The relationship between renal function and depression among older adults has rarely been explored so far in the general population settings. The cross-sectional data from the Maastricht Study of older adults indicated that albuminuria was associated with incidence of depressive symptoms, whereas the reduced eGFR based on creatinine and cystatin C (eGFRCr-cysC) was not associated with minor or major depressive episodes [24]. The follow-up data from the US Health, Aging and Body Composition Study of community-dwelling older adults suggested that an elevated serum cysC level was associated with a 2-fold increased risk of depression, but impaired renal function, assessed based on eGFRCr-cysC < 60 ml/min/1.73 m2, was not related to depression [25]. Of note, some of the previous studies that do not show an association between reduced eGFR and depressive symptoms in older adults have used either serum creatinine or a combination of serum creatinine and cysC to assess eGFR [10, 24, 25]. Because creatinine excretion is dependent on age, muscle mass, and nutritional status, especially among older adults, serum cysC has been considered to be more accurate and more sensitive in assessing renal function [26, 27]. Indeed, we did not find any association between serum creatinine and depressive symptoms (data not shown). When estimating the eGFR based on serum cysC, we found that reduced eGFRcysC or impaired kidney function was associated both cross-sectionally and longitudinally with an increased risk of having geriatric depressive symptoms among Chinese older adults. This is consistent with a cross-sectional study among Chinese older people (age 70–84 years), in which impaired kidney function was associated with a 1.71-fold increased likelihood of having depressive symptoms (GDS-15 score ≥ 5) [9].

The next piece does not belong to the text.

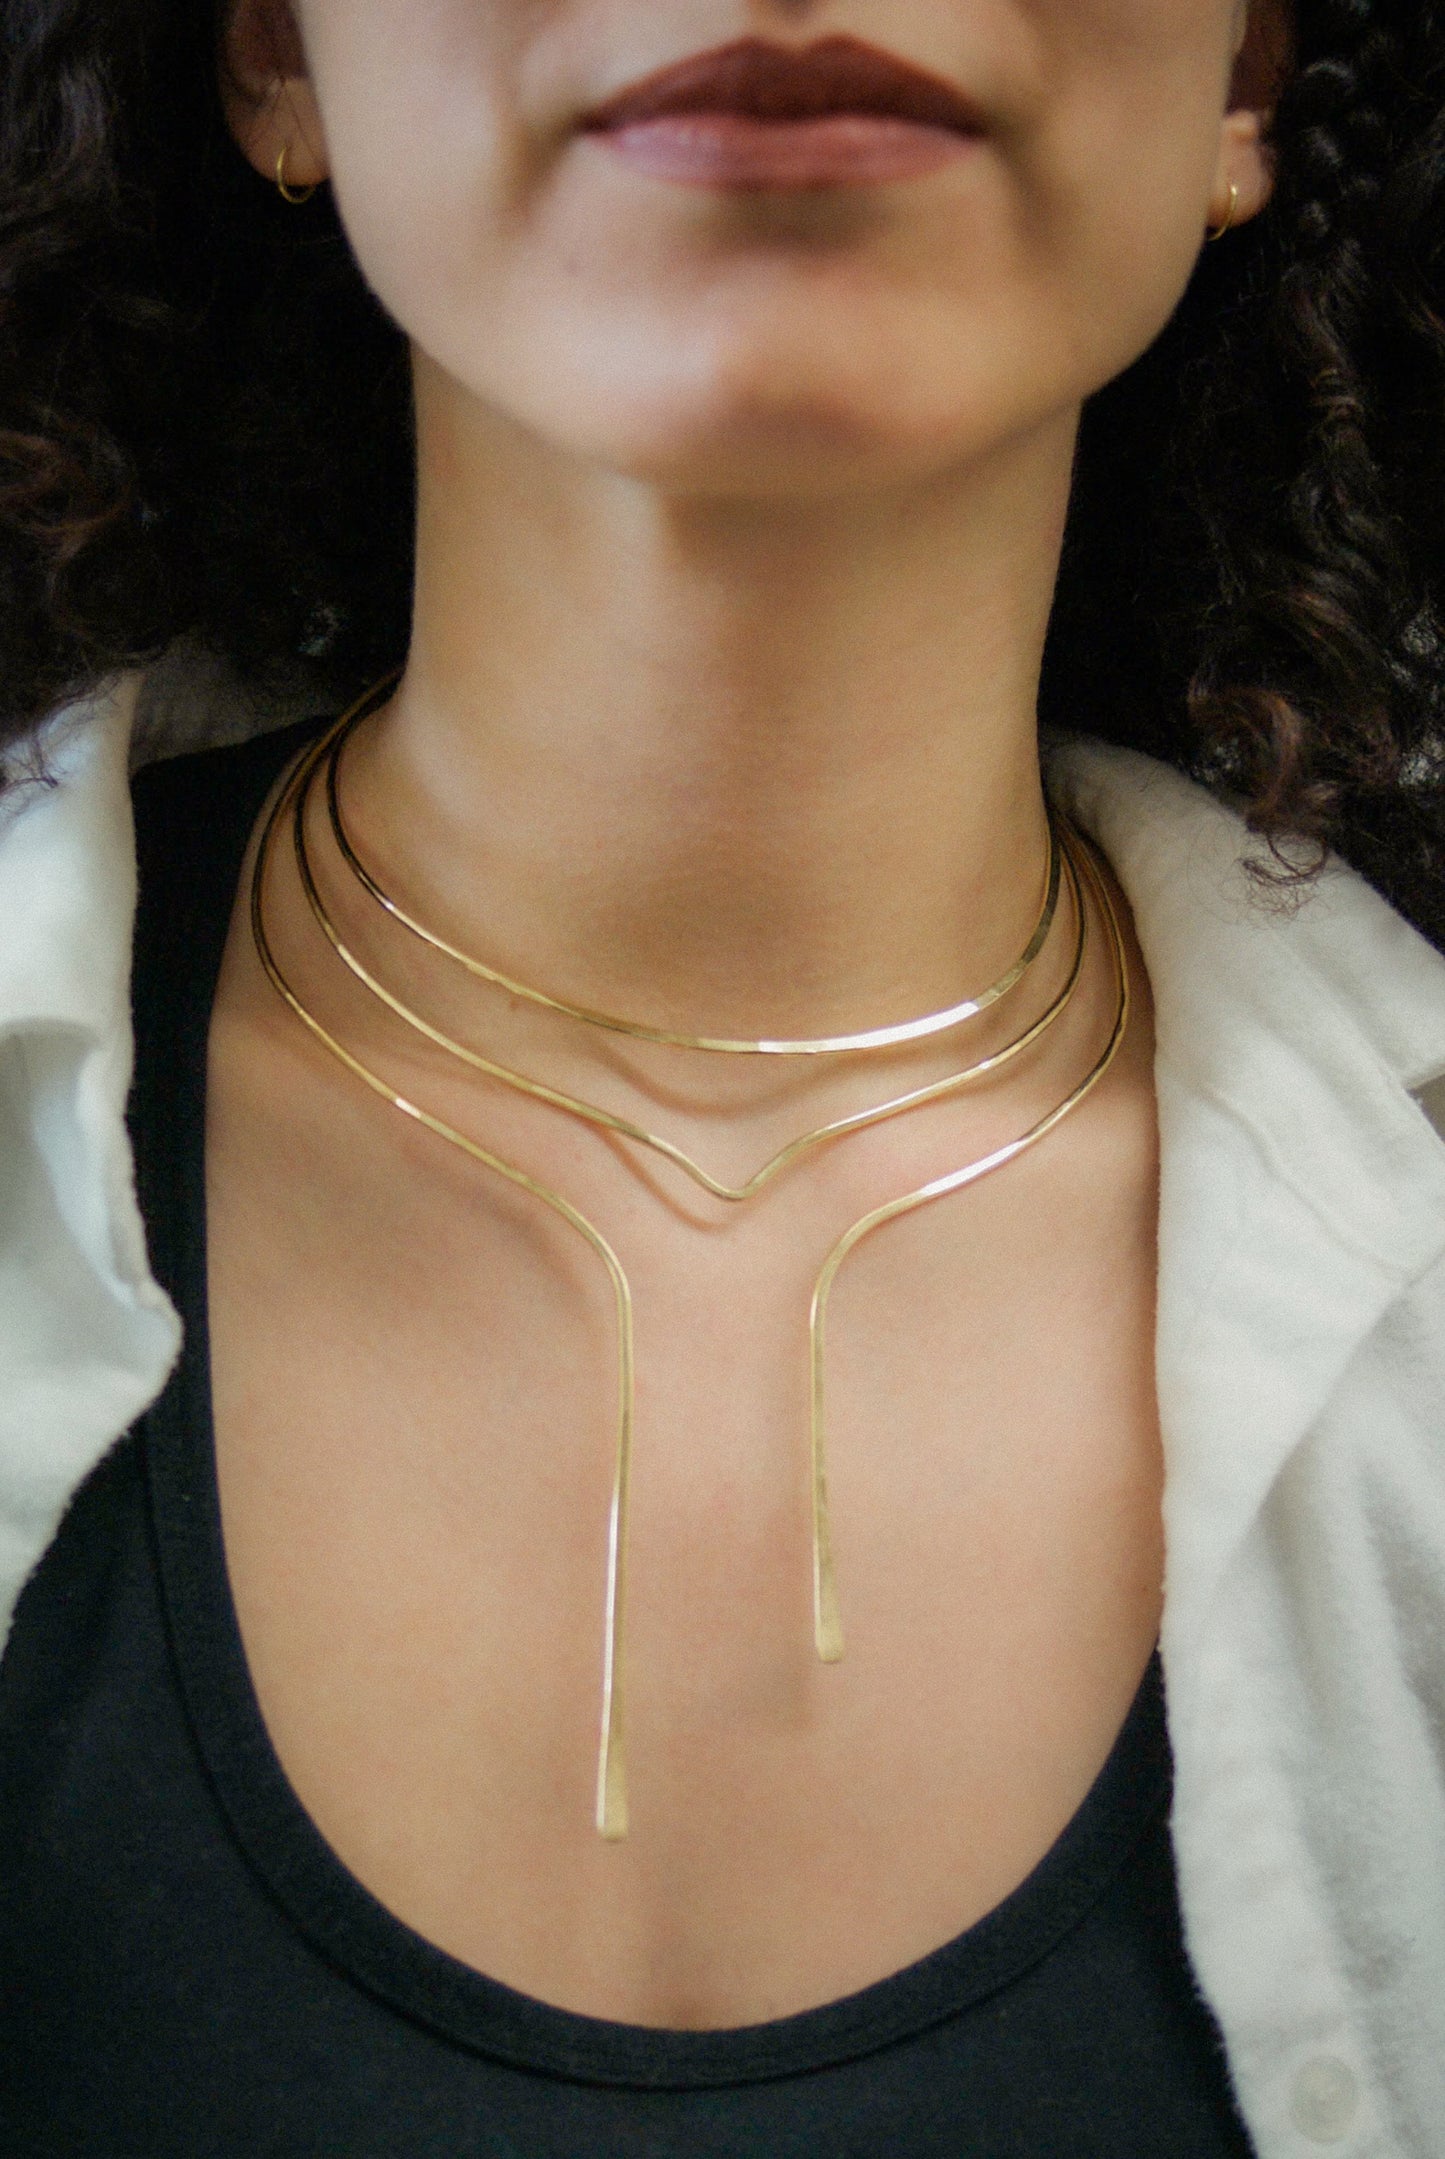 Sunburst Collar Necklace, Gold Fill, Rose Gold Fill, or Sterling Silver

The biological and pathological mechanisms linking serum cysC and impaired kidney function with geriatric depressive symptoms are not fully understood, but multiple pathways are supposed to be involved. First, impaired kidney function or reduced eGFRcysC due to glomerular small vessel disease has been correlated with subclinical cerebral microvascular disease in older adults [28, 29]. Further, cerebral microvascular dysfunction and diseases in brain regions involved in mood regulation were associated with late-life depression (“vascular depression”) [30, 31]. Thus, impaired kidney function or reduced eGFR might be linked with late-life depressive symptoms through cerebral small vessel disease. Second, serum cysC, as a cysteine protease inhibitor, affects the migration of neutrophils and involves the inflammatory process [32, 33], which may impair function of the brain-serotonin system and stimulate the activation of the hypothalamus-pituitary-adrenal axis to cause depressive symptoms through inflammation pathway [34]. In addition, the population-based studies of older adults have linked inflammatory markers (e.g., C-reactive protein, IL-6, and TNF-α receptor 1) with elevated serum cysC or impaired kidney function defined by eGFRcysC [35, 36]. The meta-analysis of population-based studies also supported an association of several inflammatory markers with depression in older adults [37], suggesting the involvement of inflammation in the development of depression. Thus, inflammatory mechanisms may mediate the relationship between serum cysC and depressive symptoms. Of note, our data showed that the association of high serum cysC and impaired kidney function with depressive symptoms was present independent of the inflammation-related diseases such as atherosclerotic disorders, arthritis, and cognitive and functional impairment, suggesting that additional pathways may be involved in linking high serum cysC with geriatric depressive symptoms.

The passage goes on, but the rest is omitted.